# Problem to work on
Write the listing below out again word for word, without a single picture.

------------------------

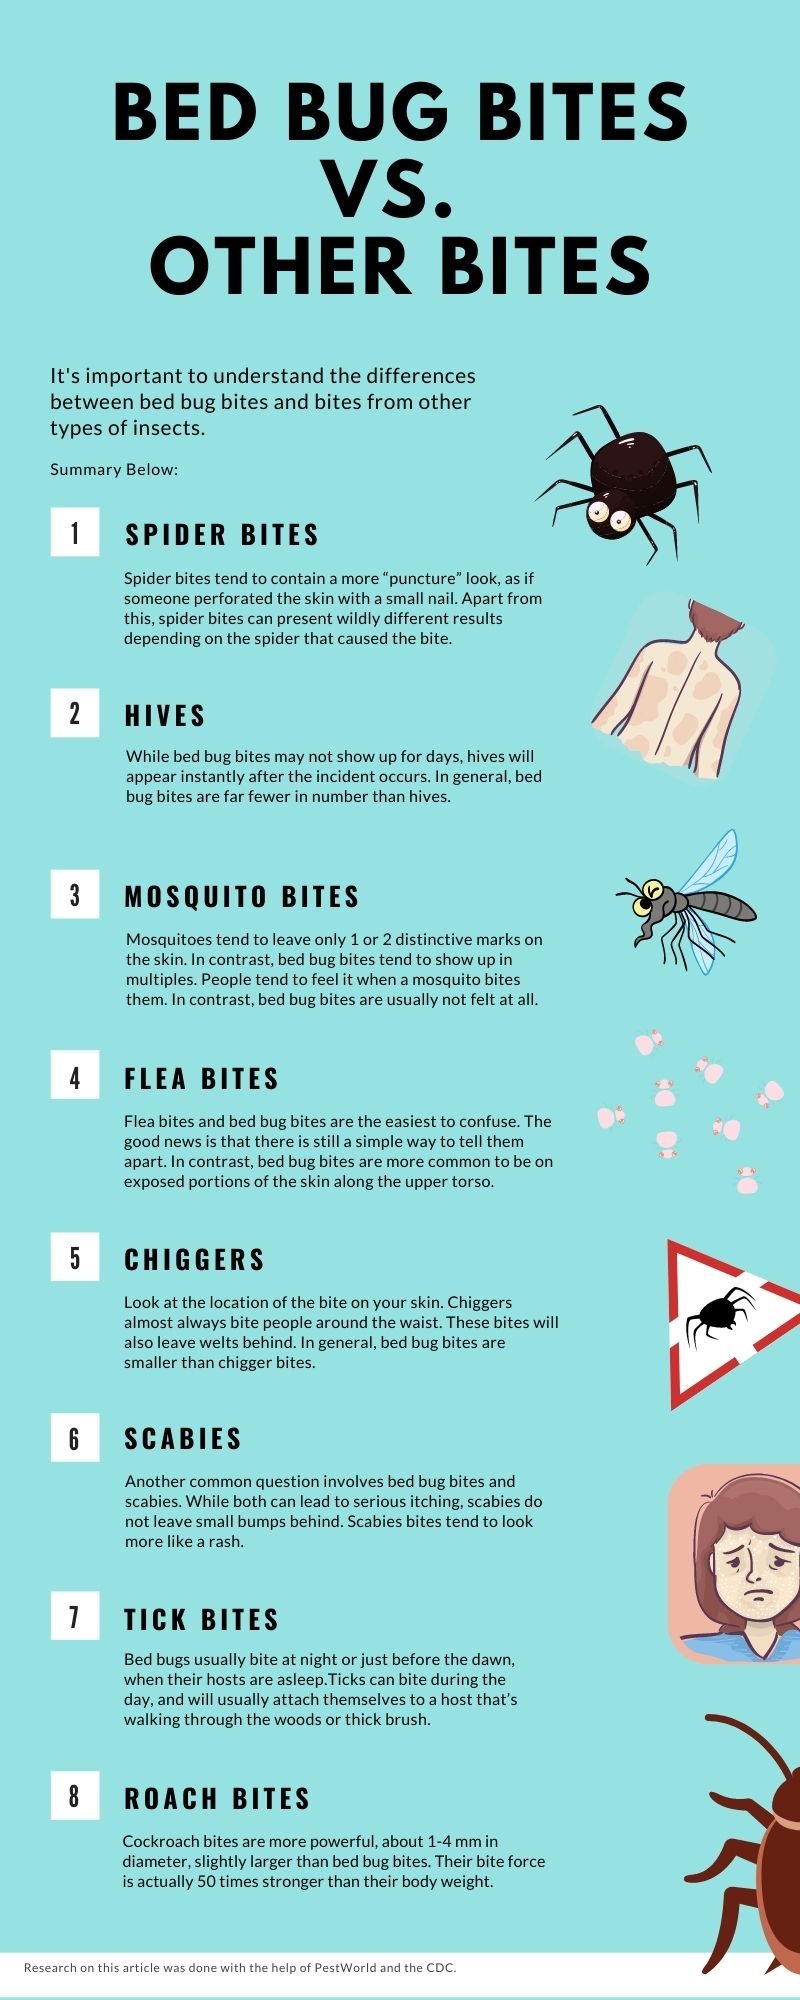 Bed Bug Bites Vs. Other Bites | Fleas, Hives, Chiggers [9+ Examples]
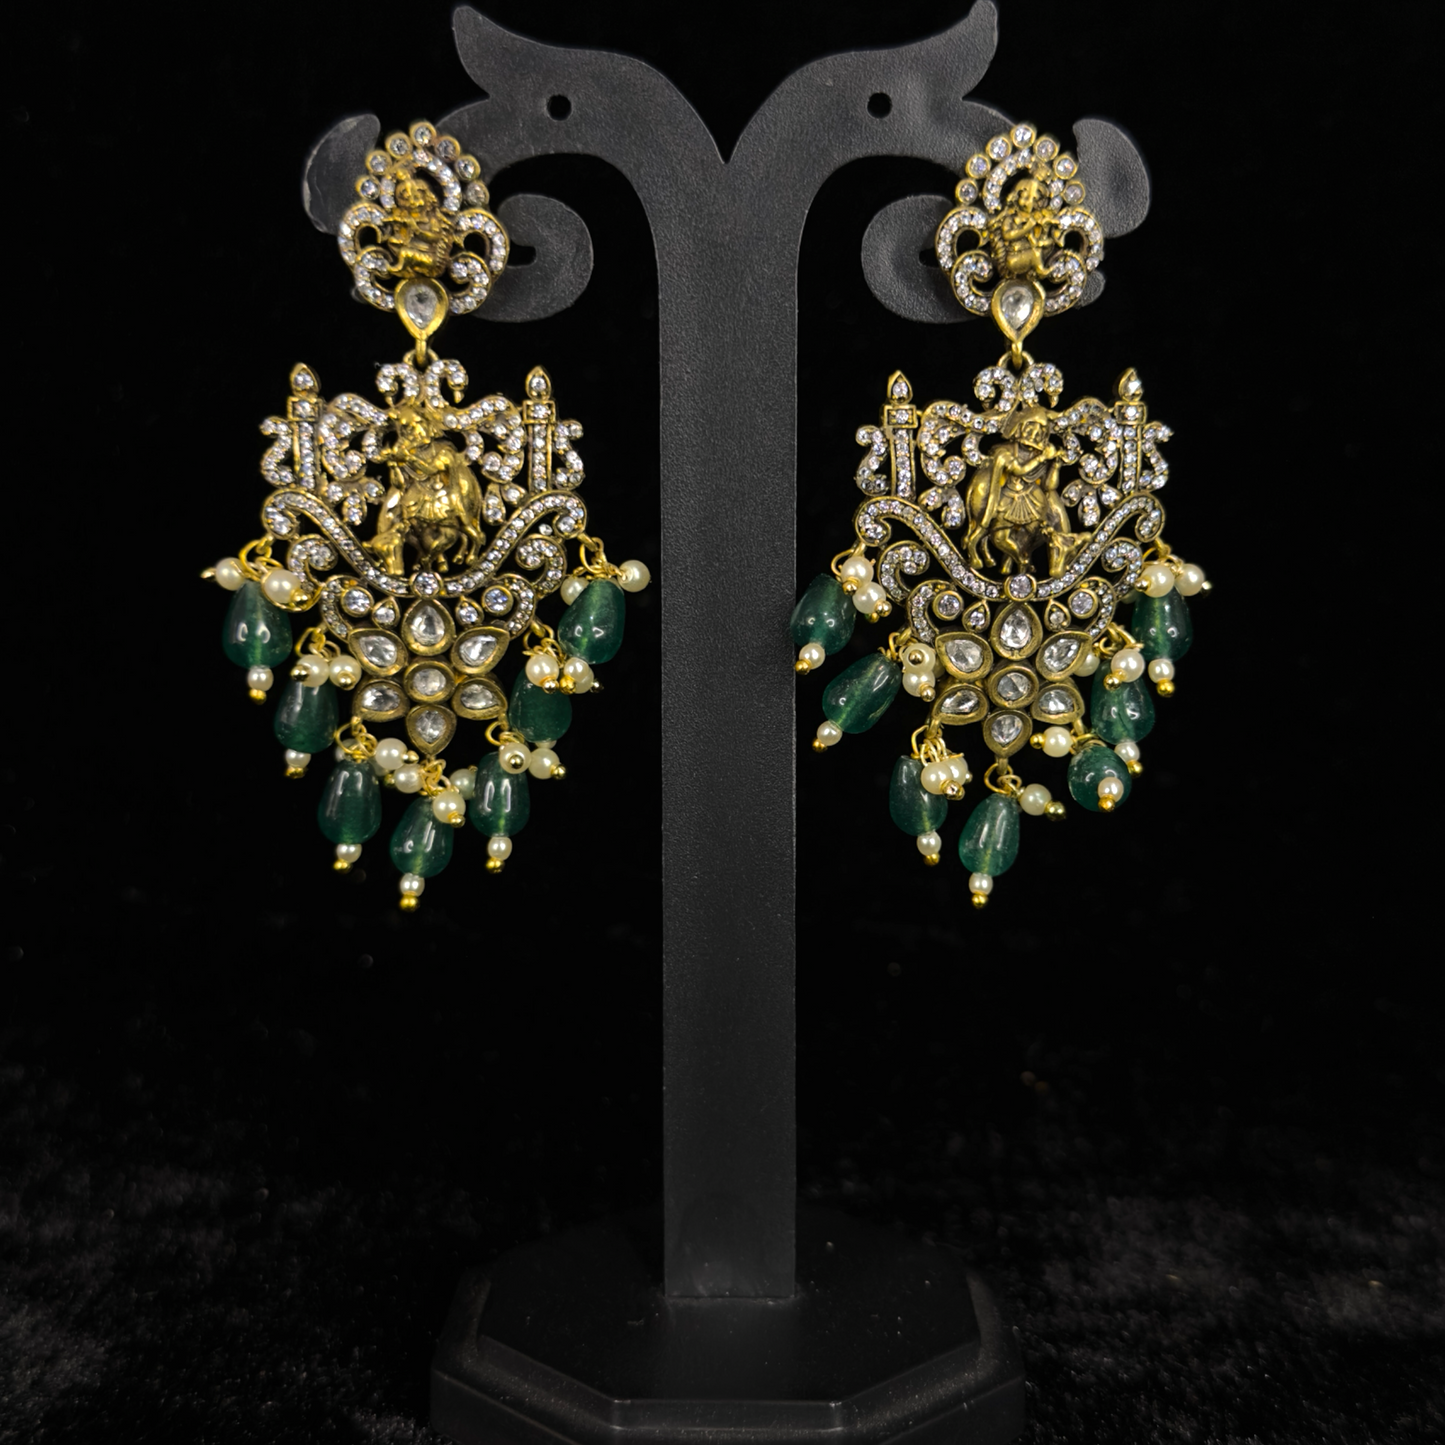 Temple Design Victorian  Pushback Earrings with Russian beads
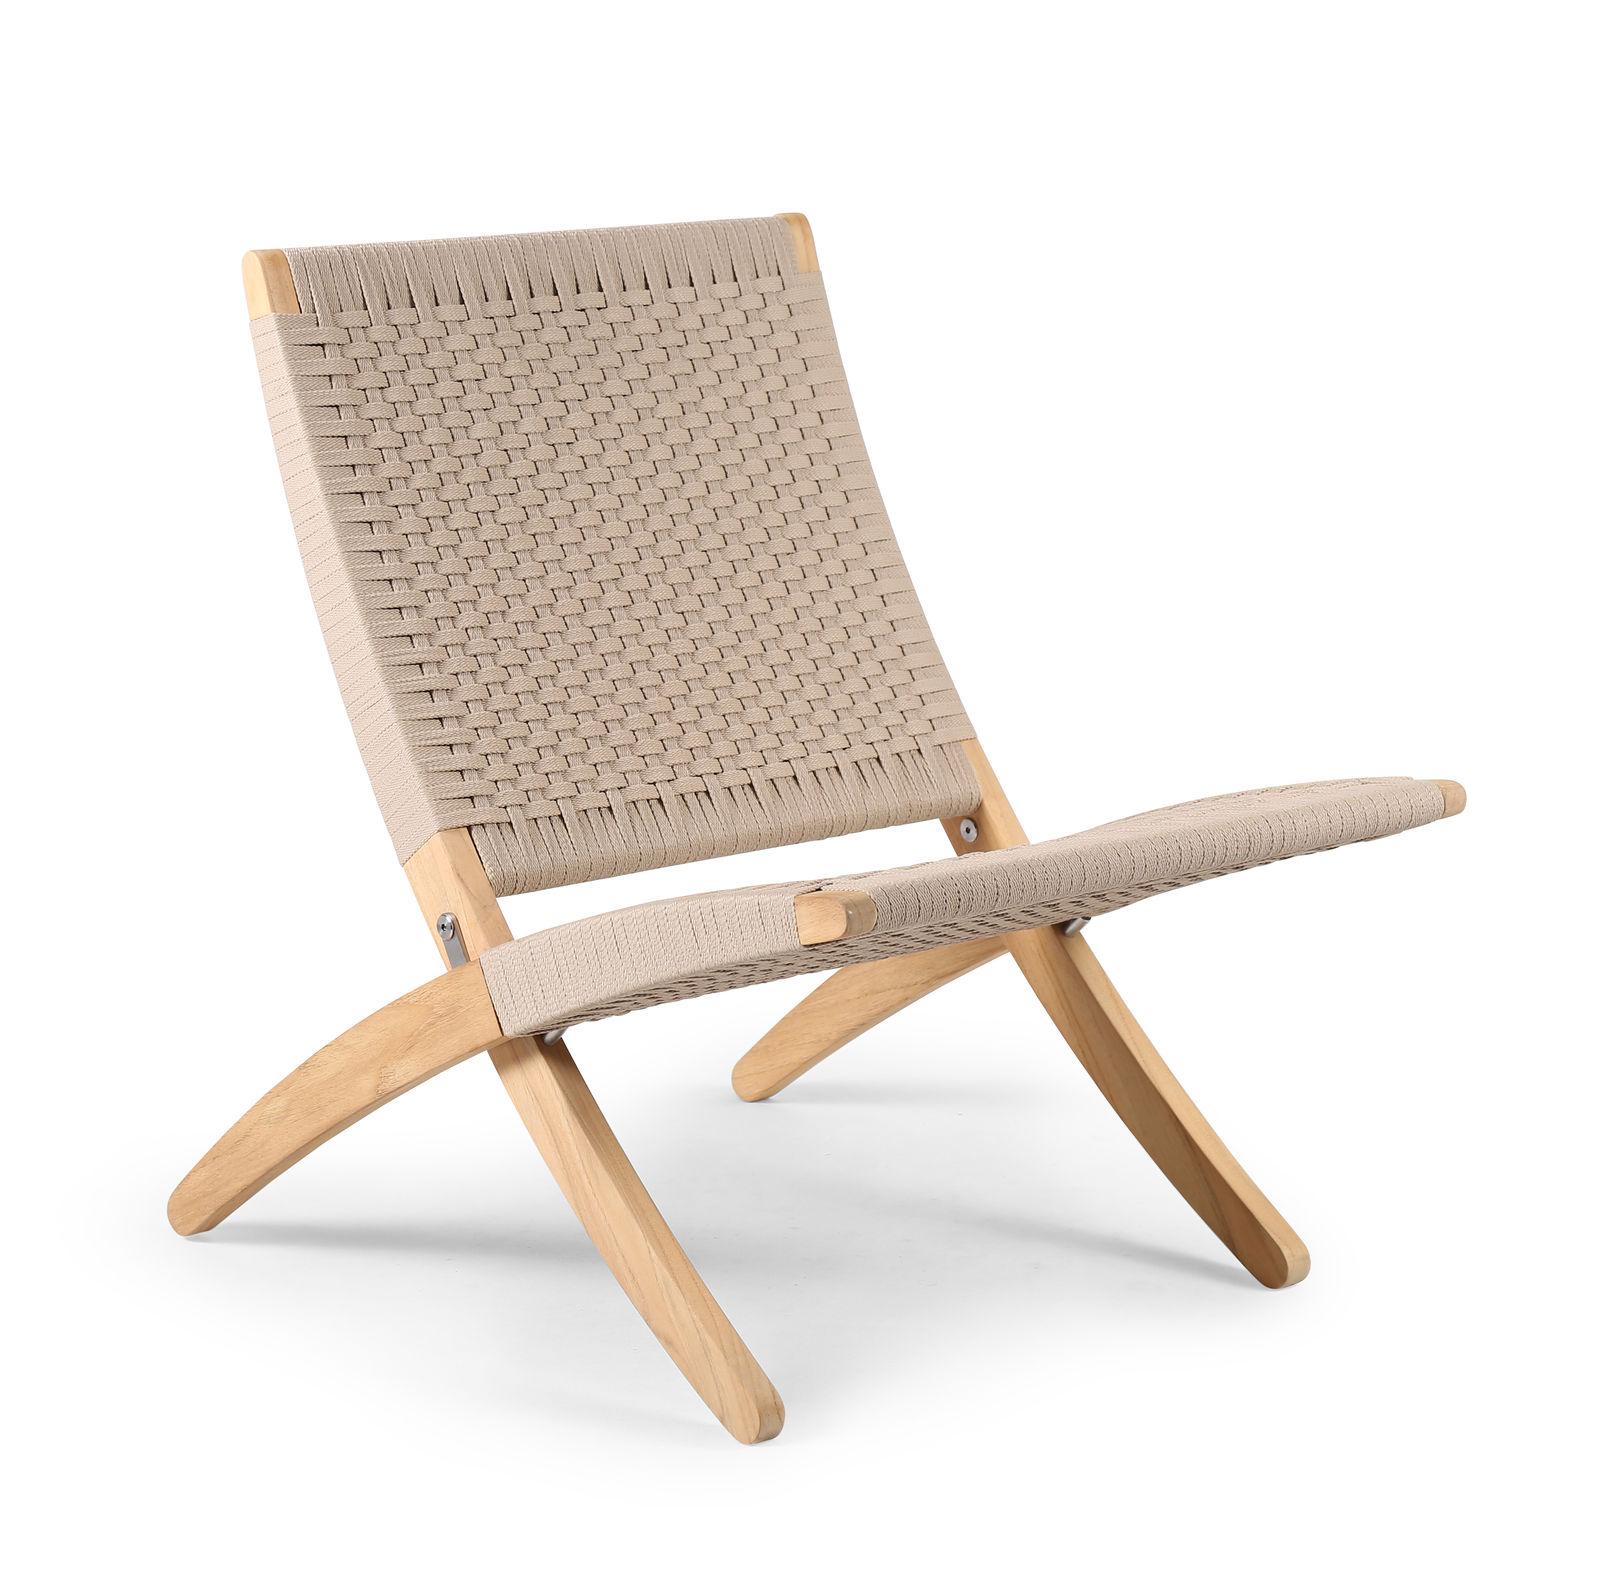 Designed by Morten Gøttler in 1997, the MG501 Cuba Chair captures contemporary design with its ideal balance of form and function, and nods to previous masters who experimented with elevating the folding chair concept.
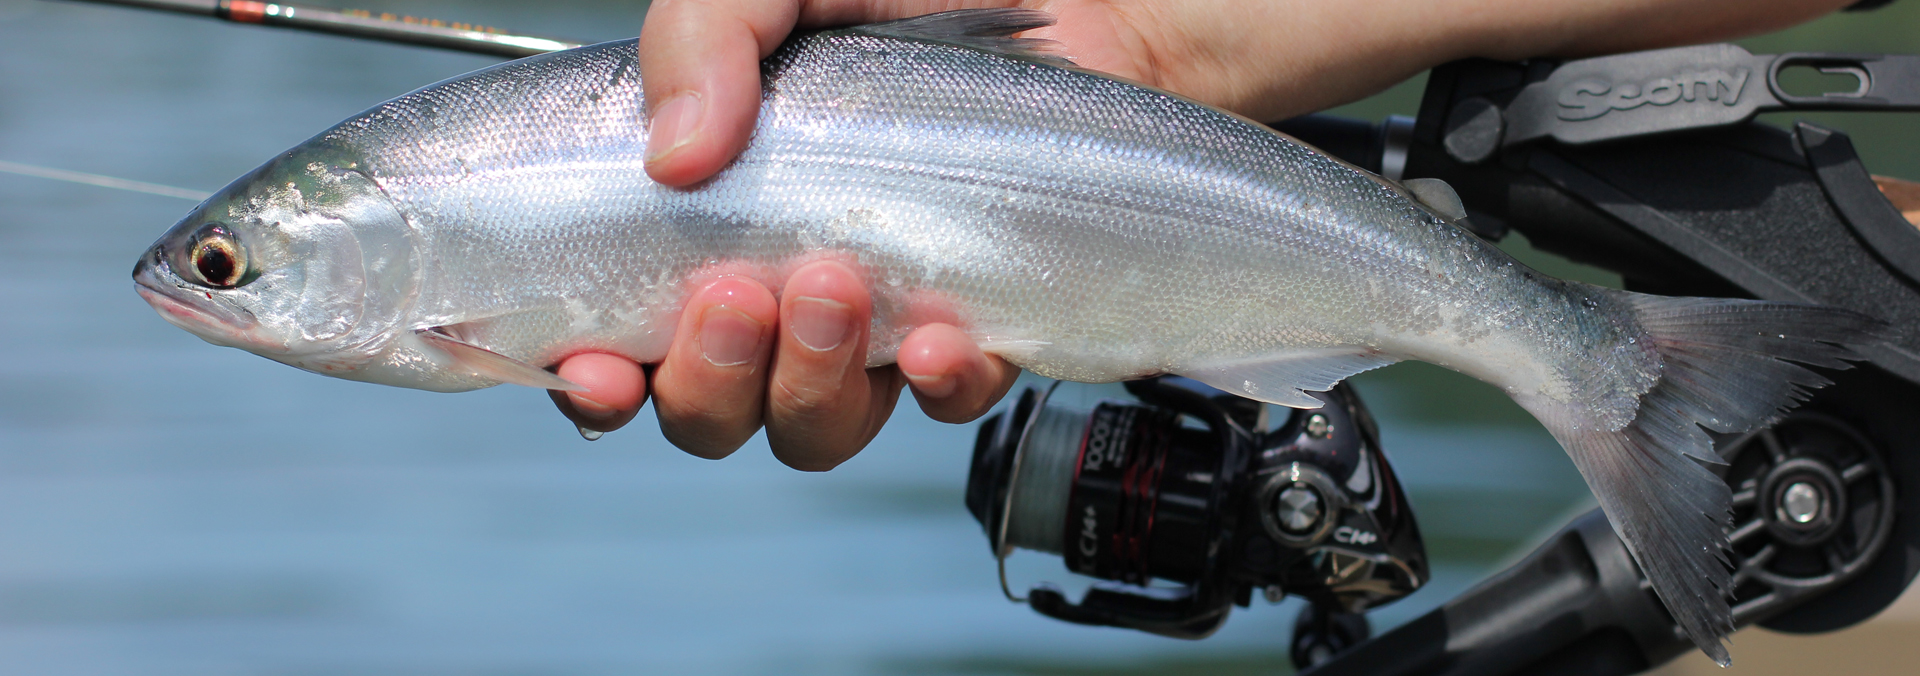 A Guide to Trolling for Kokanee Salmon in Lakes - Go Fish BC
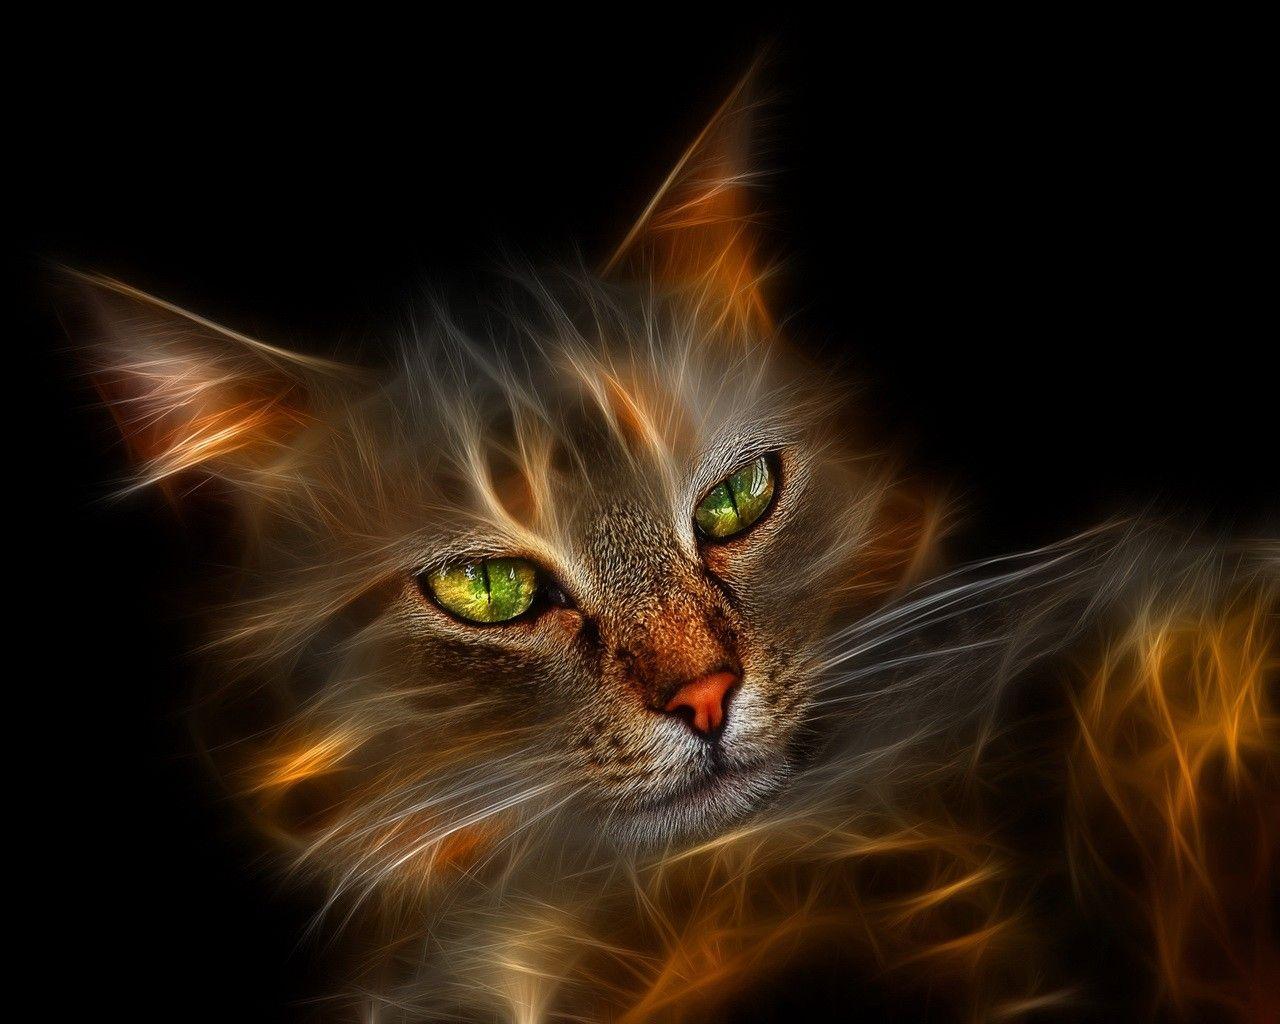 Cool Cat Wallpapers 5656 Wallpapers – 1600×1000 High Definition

------------------------

# Response for this exercise
 Bed Bug Bites Vs. Other Bites | Fleas, Hives, Chiggers [9+ Examples]
 Temple Design Victorian  Pushback Earrings with Russian beads
 Designed by Morten Gøttler in 1997, the MG501 Cuba Chair captures contemporary design with its ideal balance of form and function, and nods to previous masters who experimented with elevating the folding chair concept.
 A Guide to Trolling for Kokanee Salmon in Lakes - Go Fish BC
 Cool Cat Wallpapers 5656 Wallpapers – 1600×1000 High Definition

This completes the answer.